By: James Vaiphei *
If WinFX does turn out to be Microsoft’s SAA, then Avalon is Longhorn’s Presentation Manager. At the end of the 1980s, IBM’S OS/2 was designed to bring a multitasking, graphical user interface to x86-based PCs in the shape of Presentation Manager. The graphical user interface did arrive, but it was called Windows and, after much development time, Presentation Manager was finally put to rest. Avalon is the code name that Microsoft has given to the presentation subsystem in Longhorn. With the decision to delay Longhorn’s launch, bits of Avalon will now get rolled into service packs for Windows XP and Windows server 2003.
Anticipating a move for the PC from being the Internet surfing box in the kitchen or spare room for many users to the main home-entertainment system, Microsoft wants applications to look a lot more interesting. This means doing away with dull, grey Windows forms in the users interfaces of many applications and making them look a lot snazzier. In principle, you can build forms on top of movies or 3D shapes. So, with the right graphics backup, Avalon-based applications could look very pretty. The same could be said of Flex, the user-interface technology being built by Macromedia.
Perhaps a bit more useful for corporate use is a rendering system based on vectors instead of bitmaps, making it easier to design application that look the same on various different screen resolutions and zoom levels. If you are thinking of the latter: “Didn’t Display Postscript do that on Sun workstation in the late 1980s?Don’t Scalable Vector Graphics do that now on the Web? “The answer to both those questions are: yes on both counts.
For developers, the big change is a move to a declarative way of building user interface. It is based on XML, but a different dialect to that being used by the Mozilla groups to define a similar system, called XUL, that is intended to offer cross-platform compatibility. They do broadly the same thing, except XAML, the language that will be used by Avalon programmers, is designed to build application interfaces that run outside of a web browser. XUL is designed to make the web browser the primary host for client applications.
Because it helps do away with the need for a web browser to build client applications that may call down information and services from the web, using Microsoft’s.Net protocols, Avalon is very important to the company. Whether it is important to organizations that do a lot of development is another matter.

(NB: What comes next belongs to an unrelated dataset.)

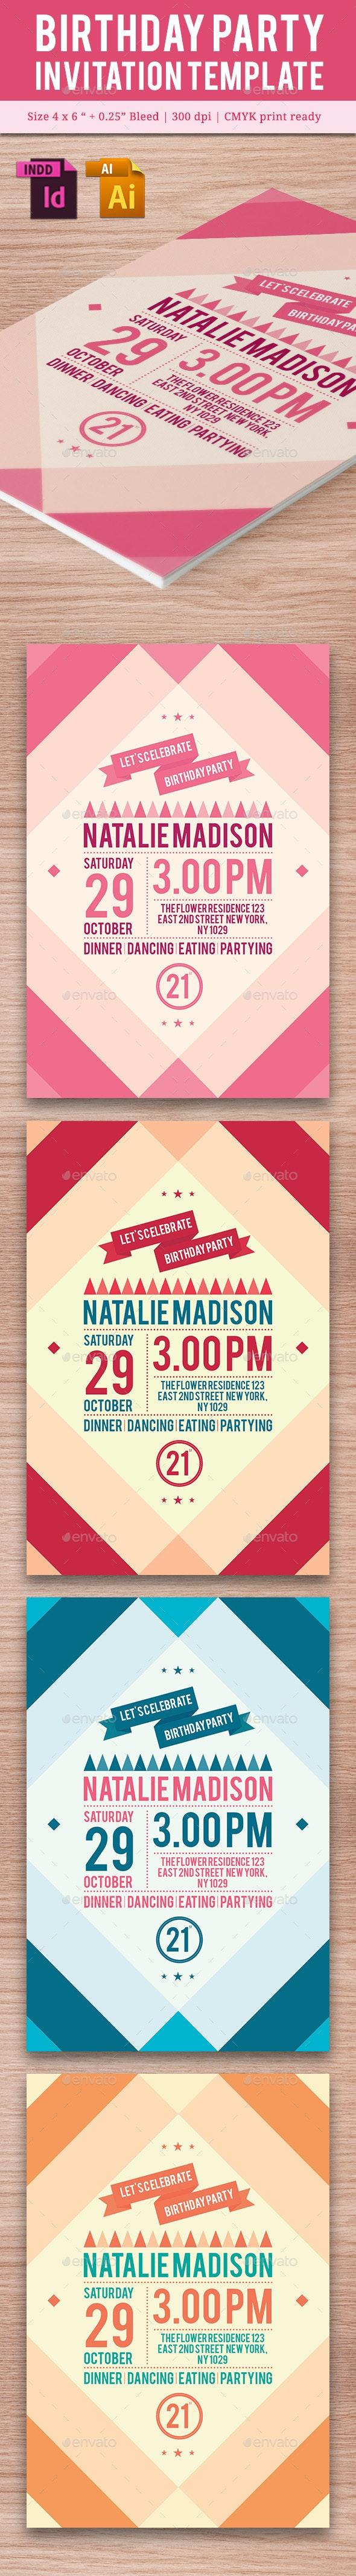 Birthday Party Invitation Template - Vol . 11 - Cards & Invites Print Templates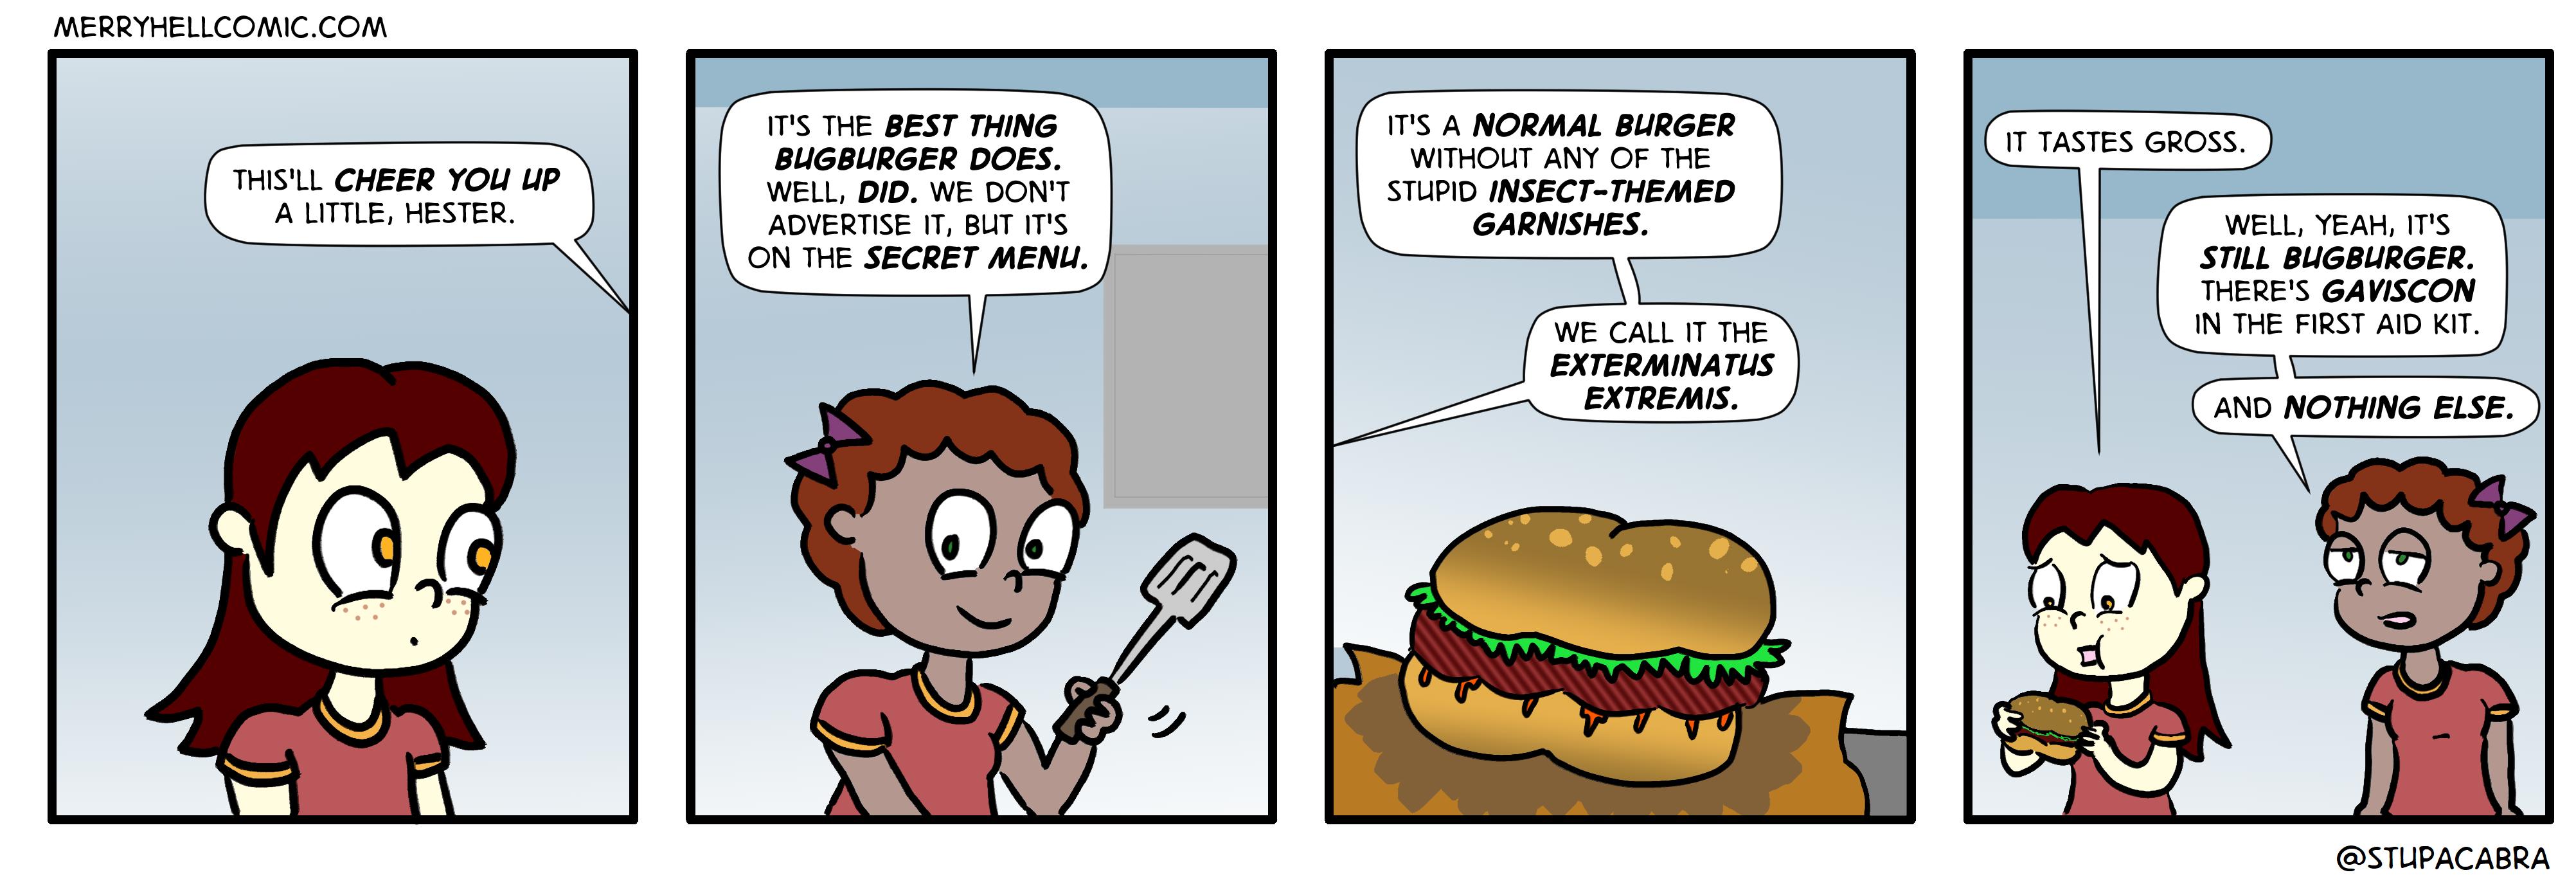 249. Secret menu

By making it available to the XP generation of PCs, Microsoft has greatly improved the number of machines that will run Avalon applications. But the lack of cross-platform compatibility will slow down the pace at which many companies can make use of it, even if they want to. The lack of any indication that Microsoft might offer to open up XAML to the standards committees make it difficult to paint Avalon as something that companies should rush to embrace. But, with minimal market share in the browser world, it is no easier to embrace Mozilla’s take on this approach to developing client applications. This is a situation where resolutely maintaining the status quo in application development may force some opening up at Redmond.